Do your part. #BeCyberSmart
Every year since 2003, to help keep the public informed on ways to protect themselves and their data online, October has been recognized as National Cybersecurity Awareness Month. As the tech world continues to grow, so does the magnitude of cyberattacks. To help you stay vigilant, here are some useful tips to follow to increase your cybersecurity.
Change passwords periodically and utilize passphrases
Many of us create passwords and never think to change them, or we use the same password for all of our accounts. This can make us vulnerable during data breaches. It is important to have variety in your passwords and change them periodically. The next time you create a password, use a short sentence (known as a passphrase) that will resonate with you, such as “IM!ssNYC149.” Incorporating special characters into passphrases adds to their complexity, ultimately making them harder to guess.
Hover over links
It’s easy to just aimlessly click on links we receive, not second-guessing where it may lead us. Next time, pause and hover over the link with your cursor, or tap and hold with your finger on a smartphone to ensure the destination it’s leading you to is valid and not an attempt to embed malware on your computer, phone, or tablet.

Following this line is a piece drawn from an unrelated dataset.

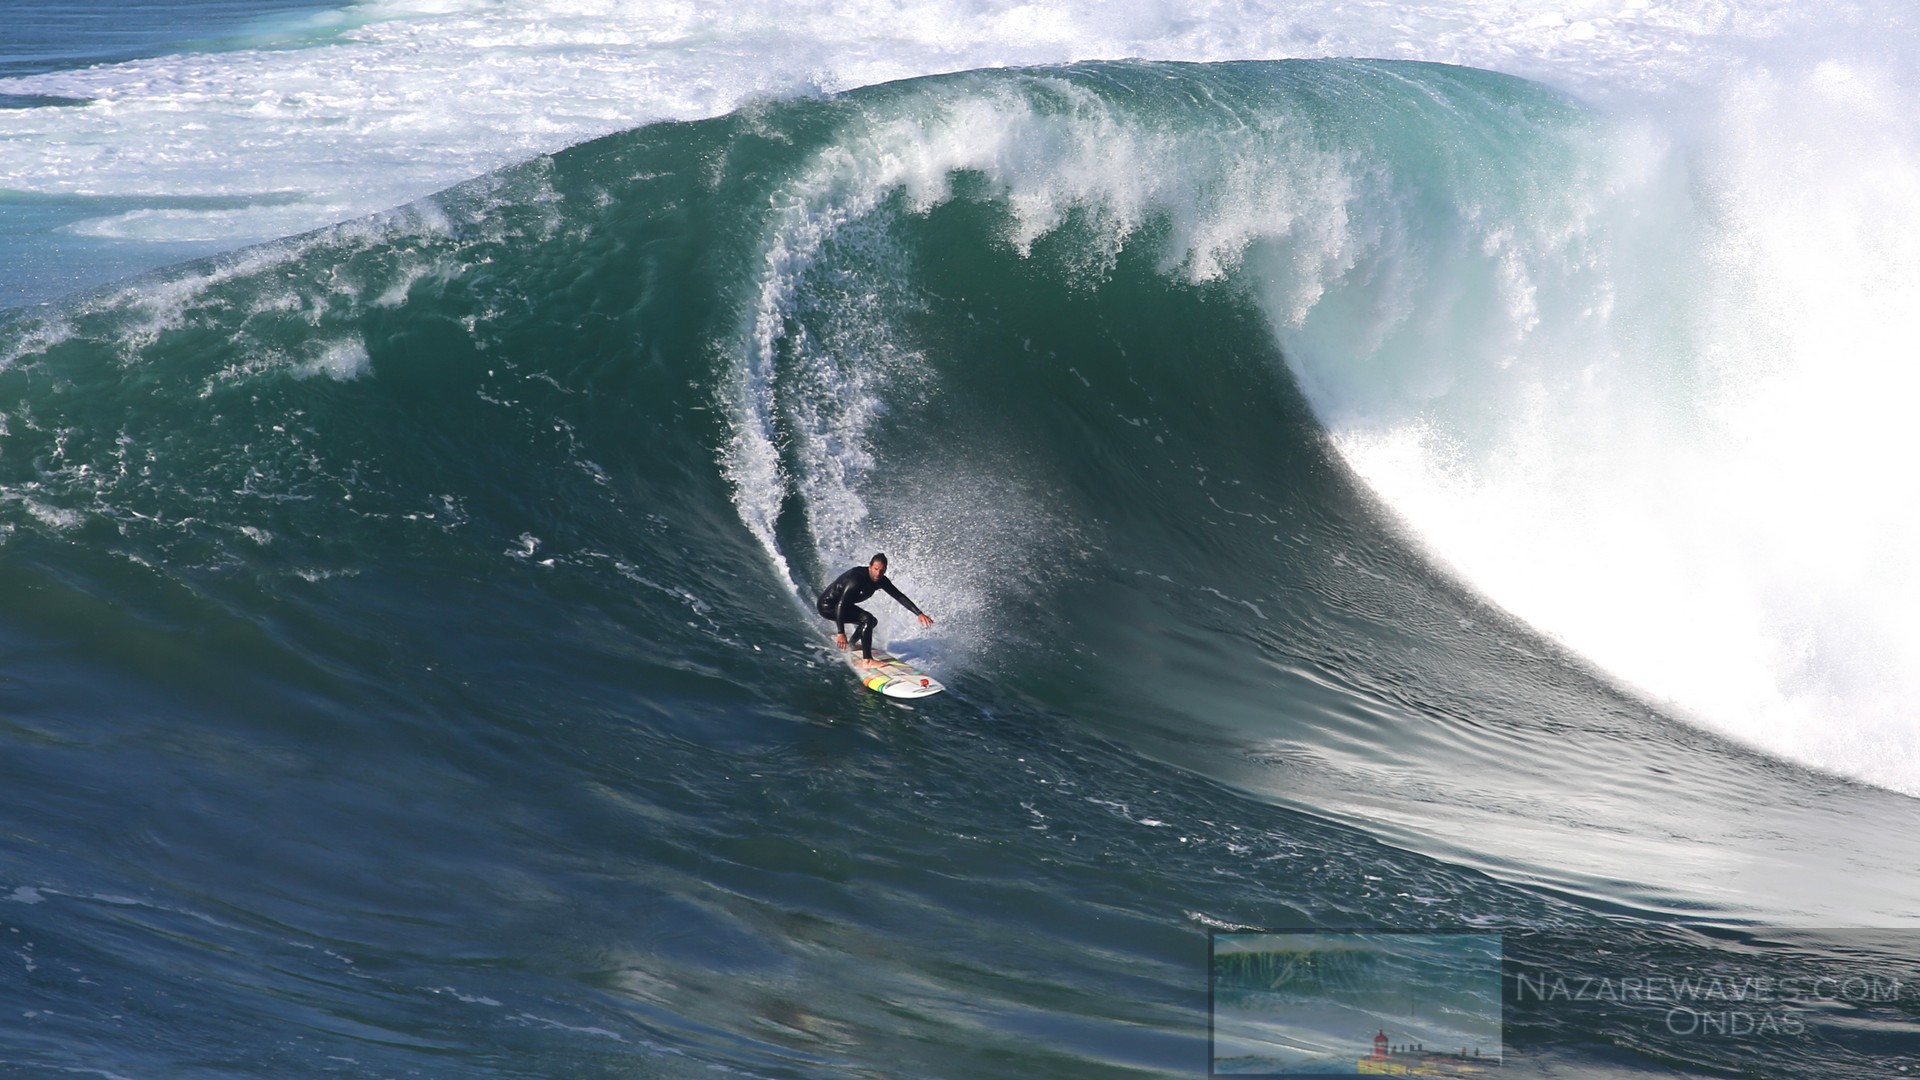 Surf paddling at Nazaré - 21 December 2015 - NEWS - Nazaré Big Waves ...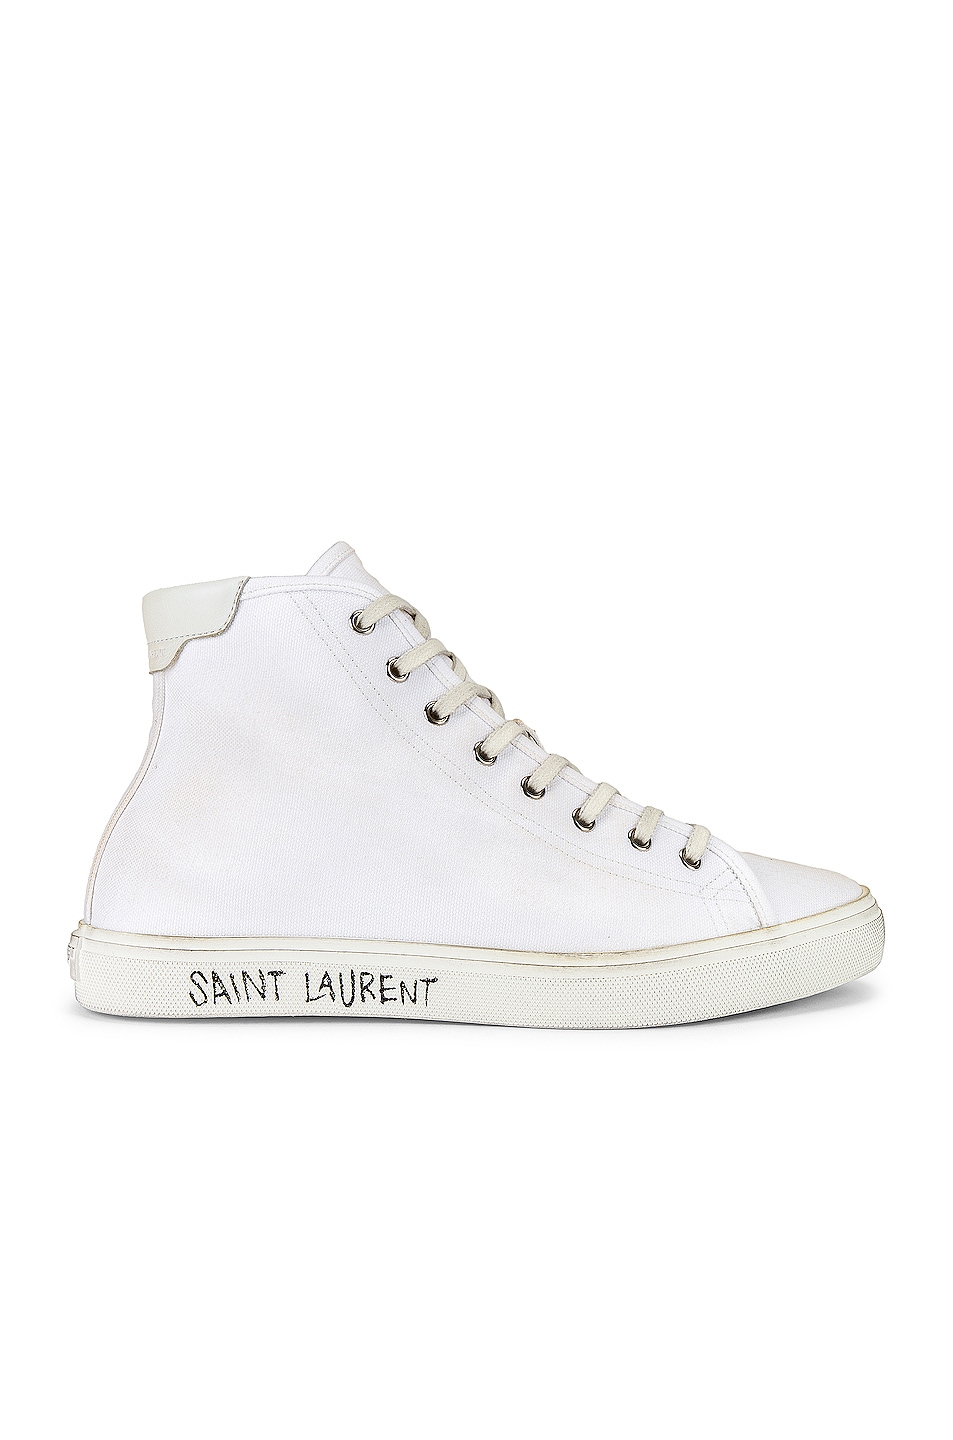 Image 1 of Saint Laurent Malibu Mid Top Sneaker in Blanc Optique

Get rid of files you don’t need
Keeping sensitive information on your computer for long periods is never a good idea. After the information has served its purpose, delete it from your computer, or if you have it physically printed, bring it to your nearest shredder. Now if a hacker ever decides they wanted to steal your information, they’ll find themselves to be like sad kids in an empty candy store, considering all sensitive information will be gone.
Verify sender information
Protecting your data can be as simple as verifying an email you receive comes from a legitimate address. This means maybe googling the email address to locate its source. If you receive emails that look suspicious, BU community members can report it by forwarding them to firstname.lastname@example.org. Be sure to also periodically check out the BU Phish Bowl for an up-to-date list of the most common phishing emails.
Enable two-factor authentication
There’s nothing worse than getting hacked and not being able to do anything to protect your information. Installing a two-factor authentication app like Duo or enabling two-factor via text message verification will make it much harder for your accounts to be compromised.
Avoid opening attachments if you’re not expecting them
Curiosity can get the best of us when it comes to receiving emails or text messages with attachments. However, some of these attachments may have code embedded in them that allows cybercriminals to roam through your device in the background. Therefore, avoid any attachments with extension labels such as .exe, .scr, .vbs, .hta, .reg, or .bat.